### Given data

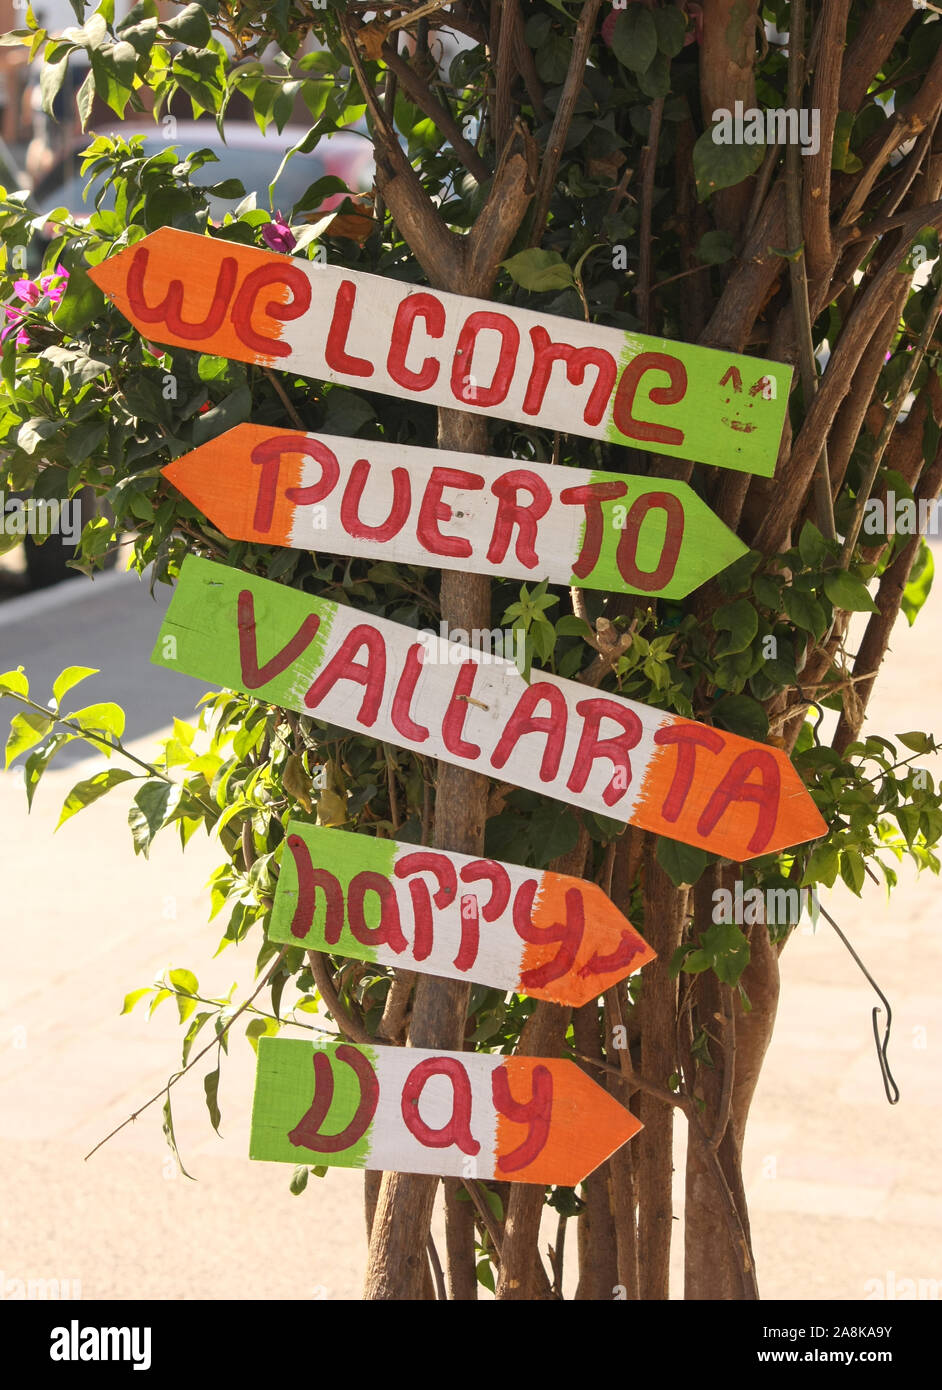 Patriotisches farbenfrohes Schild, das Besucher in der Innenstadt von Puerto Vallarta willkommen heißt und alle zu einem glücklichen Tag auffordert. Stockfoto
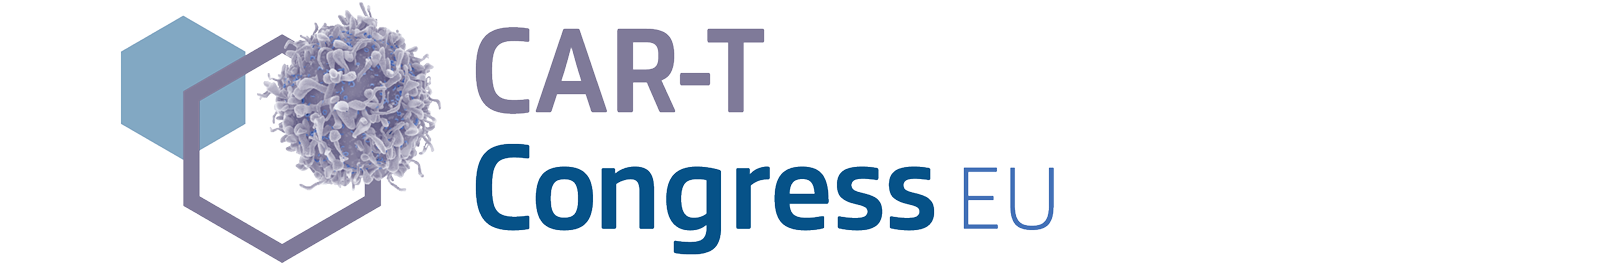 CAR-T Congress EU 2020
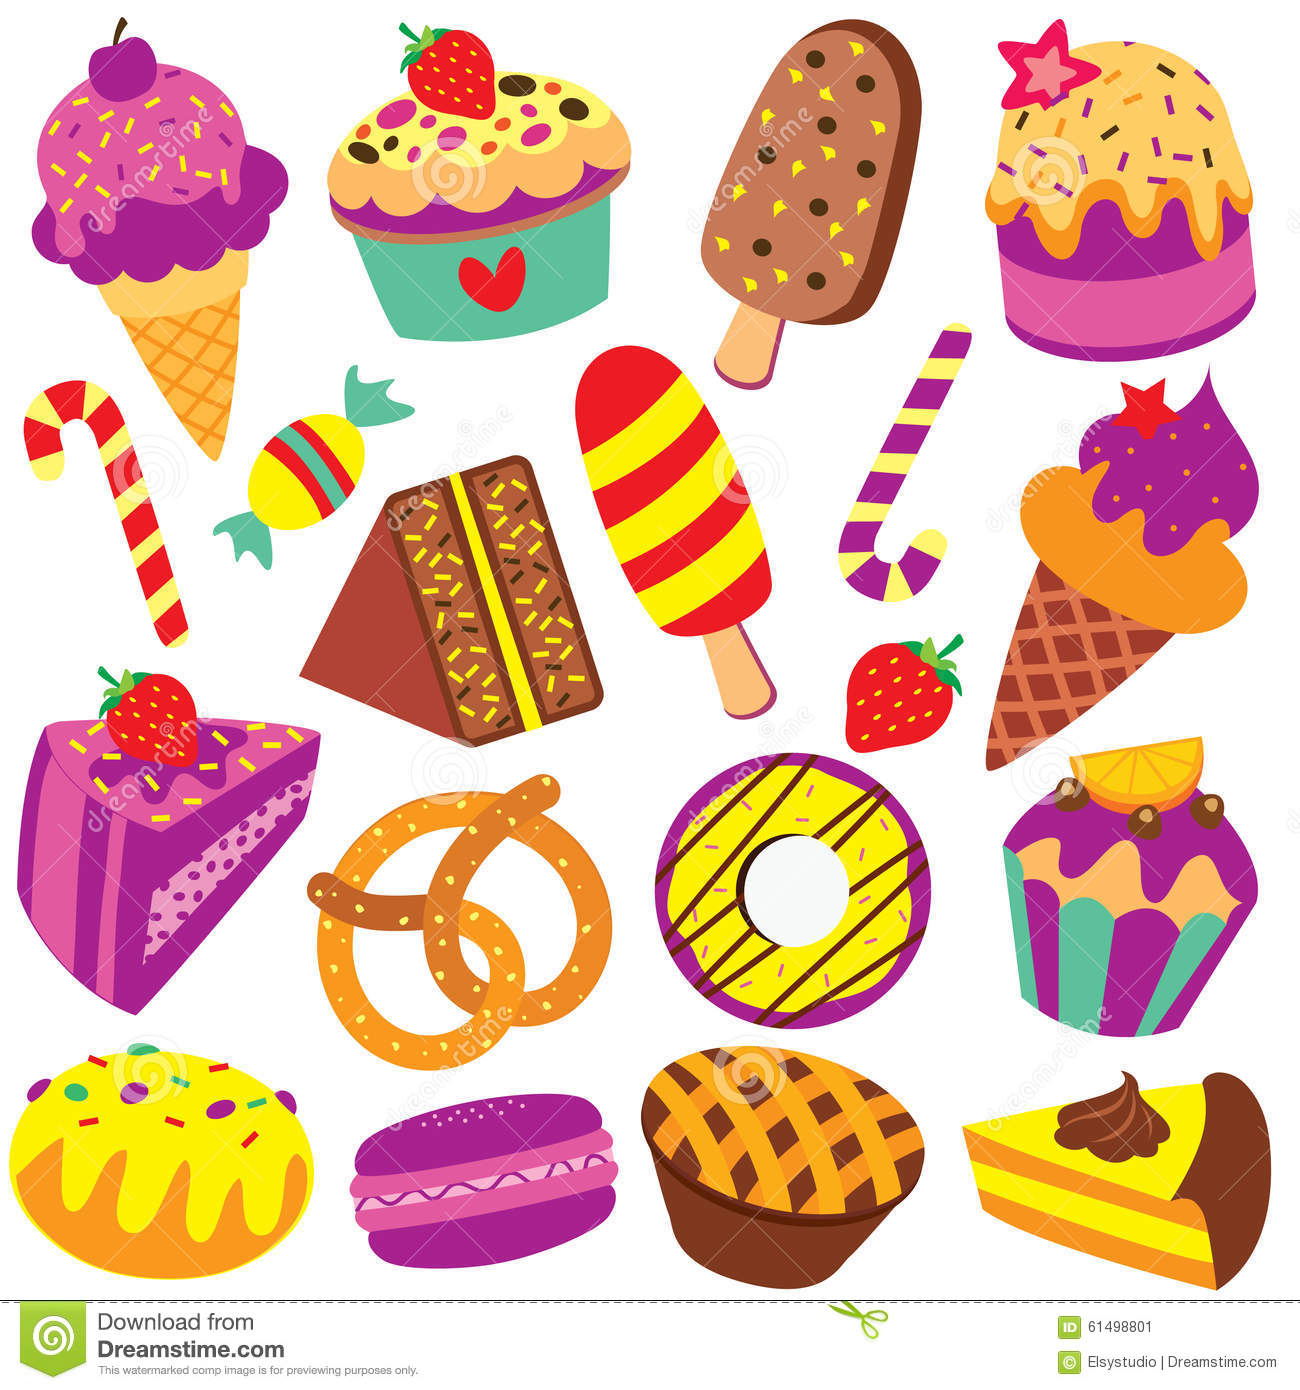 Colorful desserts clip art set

######

Your objective - Leave every picture out, and reproduce exactly the lines from the line bearing "CAR-T Congress EU 2020" through the closing line of the material above.

Solution -
 CAR-T Congress EU 2020
 Colorful desserts clip art set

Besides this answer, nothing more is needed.